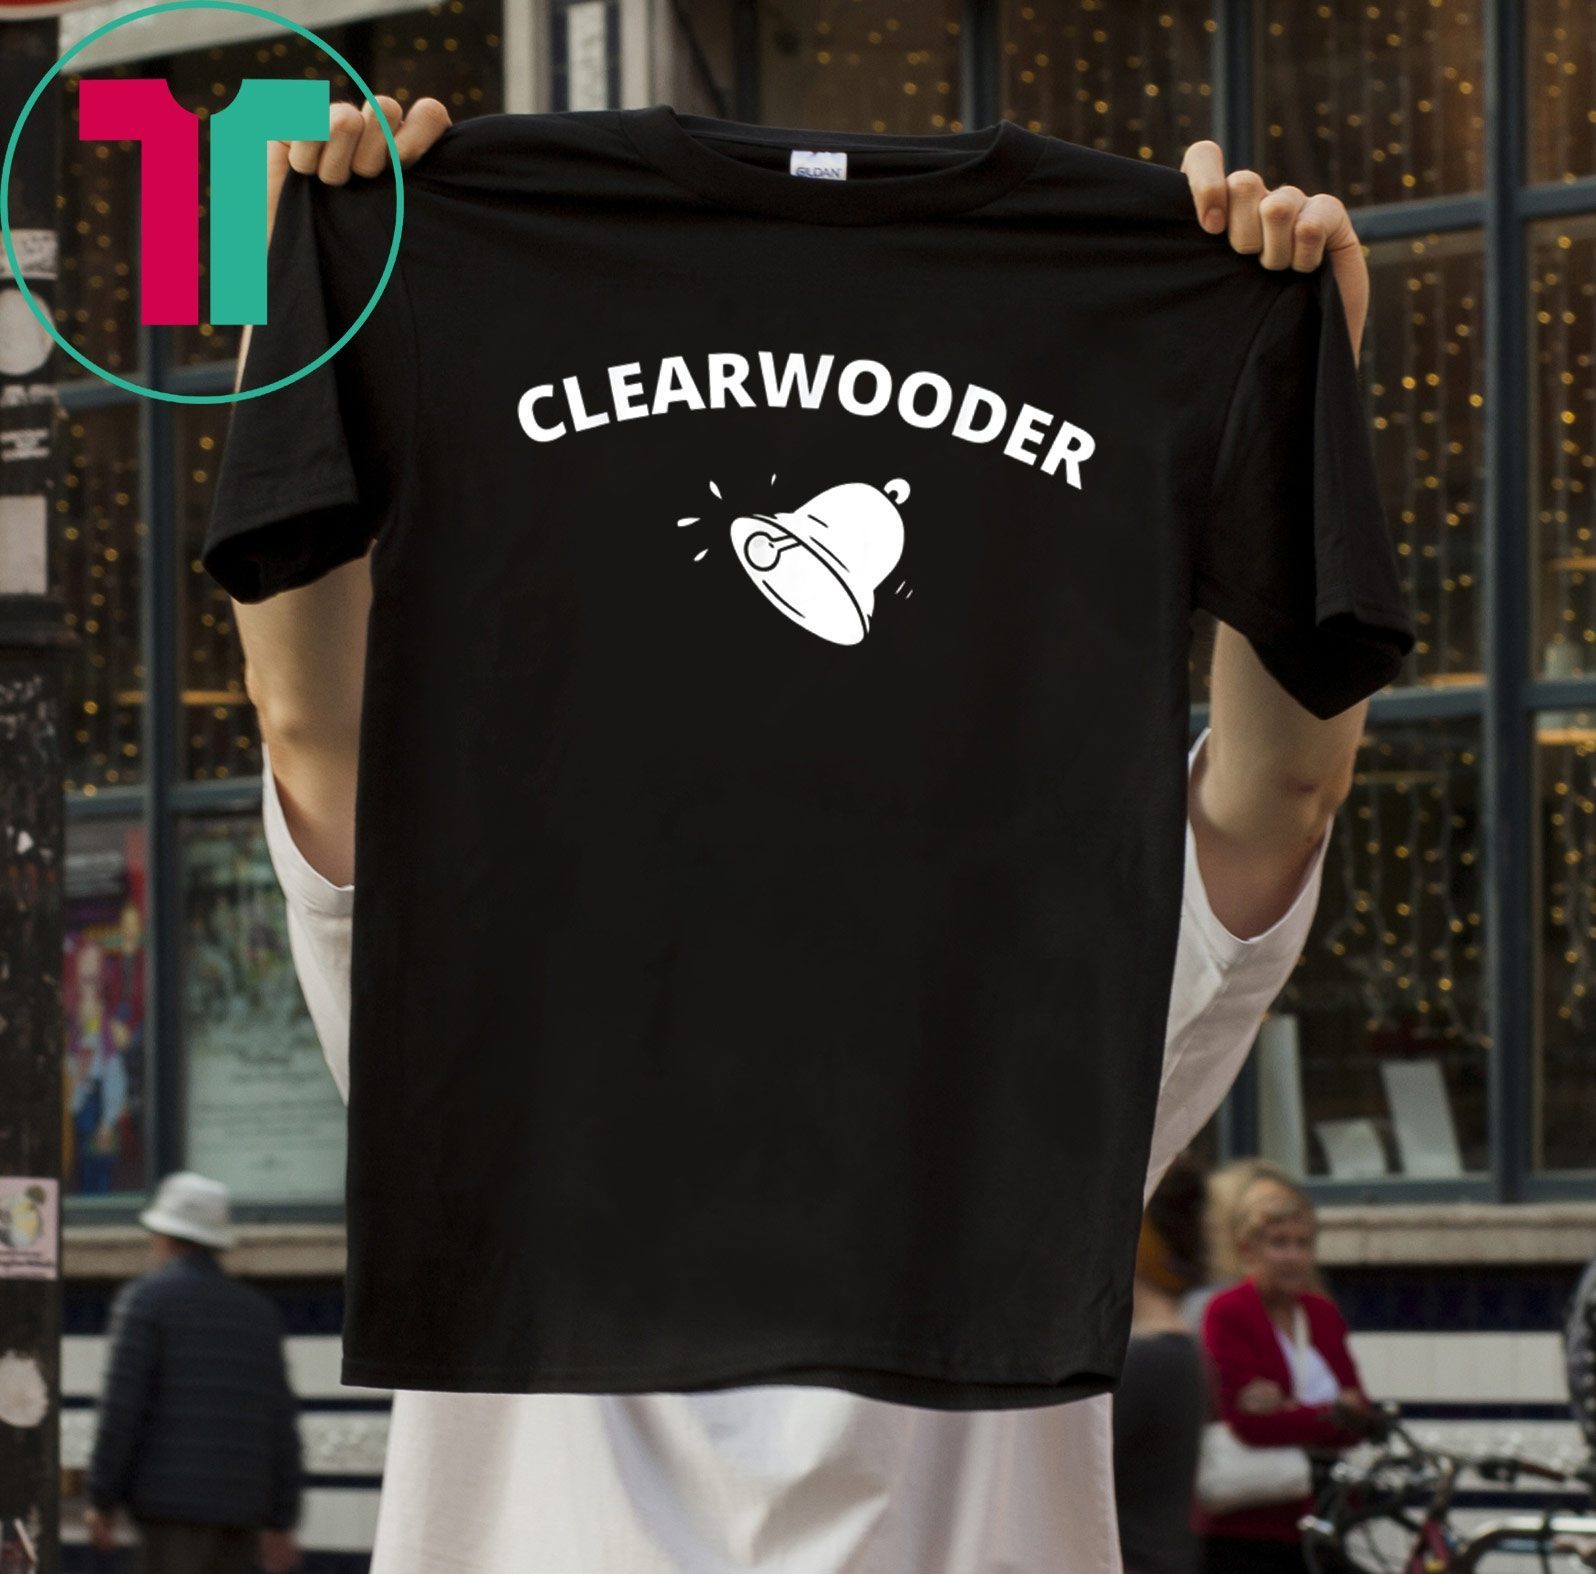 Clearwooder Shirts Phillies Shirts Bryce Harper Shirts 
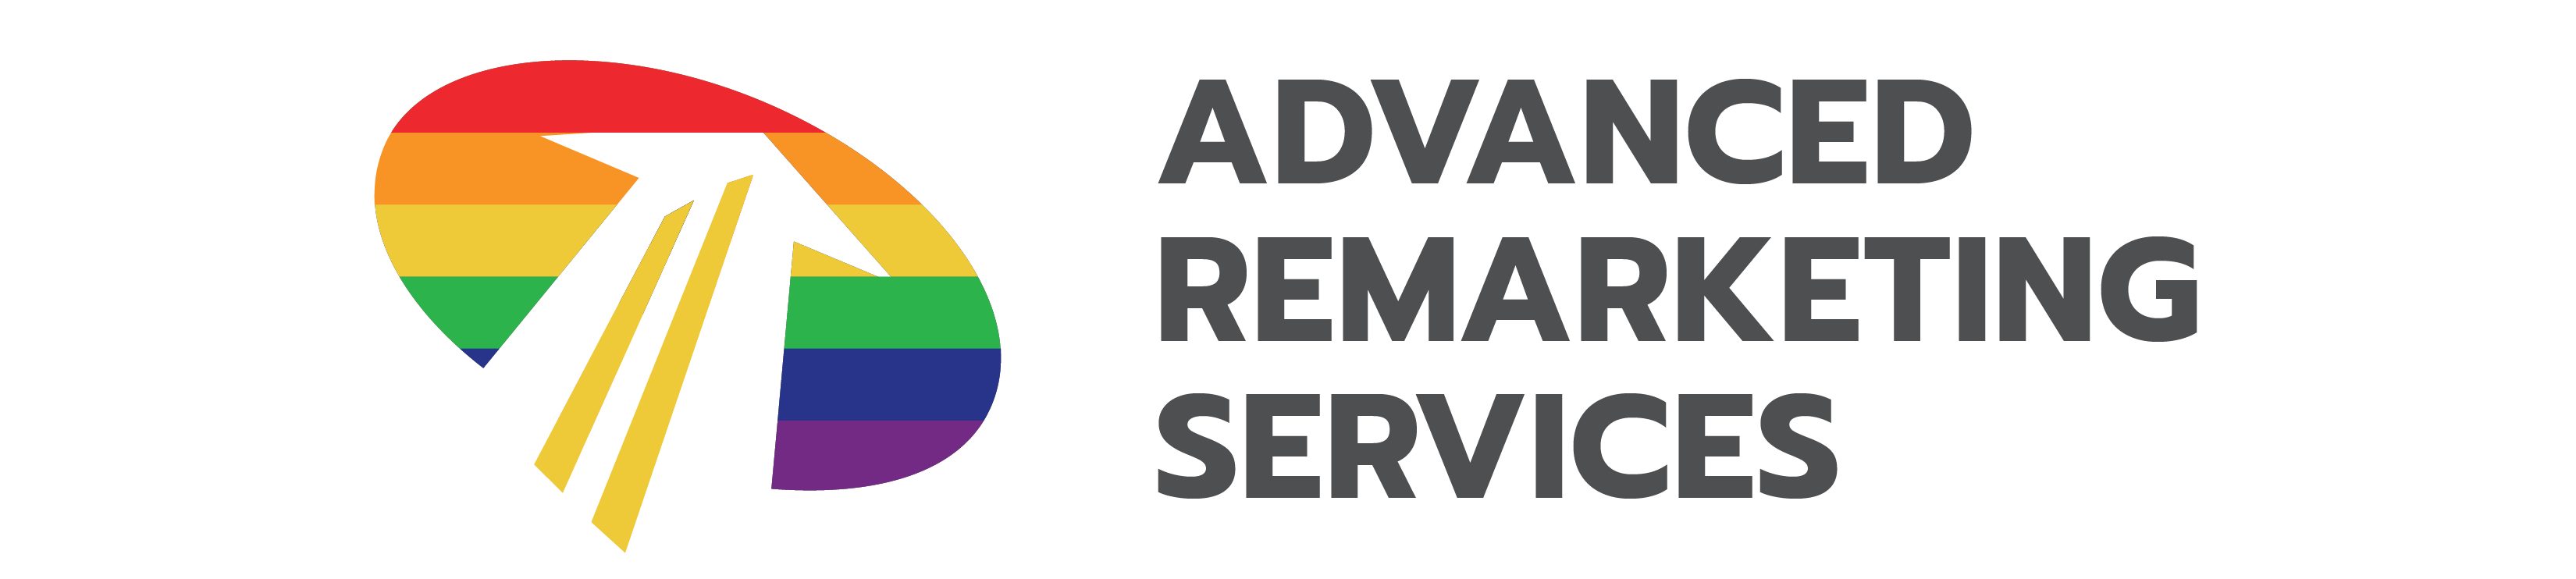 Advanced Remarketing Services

-------------------------

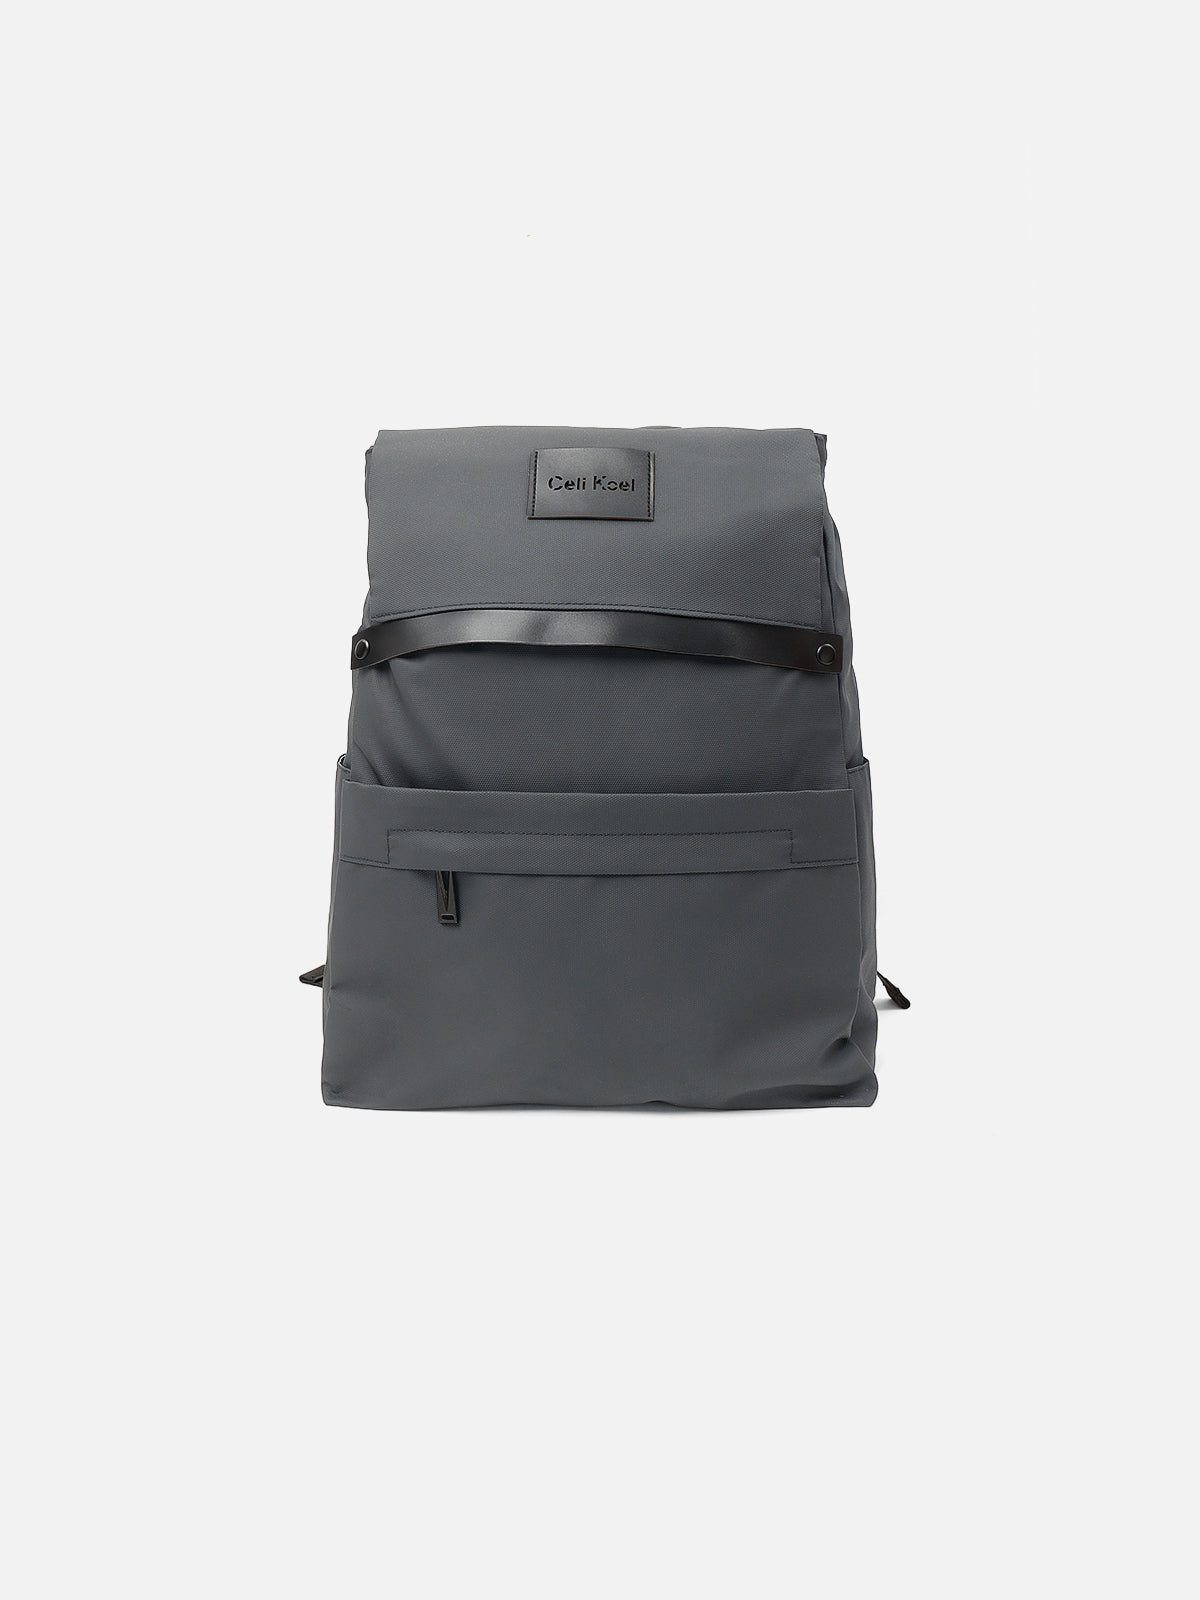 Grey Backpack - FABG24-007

-------------------------

**WHAT YOU NEED TO DO**
Only the lines above from the one with "Clearwooder Shirts Phillies" to the one with "Advanced Remarketing Services" should be printed, both included and exactly as written; no picture belongs in the copy.

**REPLY**
 Clearwooder Shirts Phillies Shirts Bryce Harper Shirts 
 Advanced Remarketing Services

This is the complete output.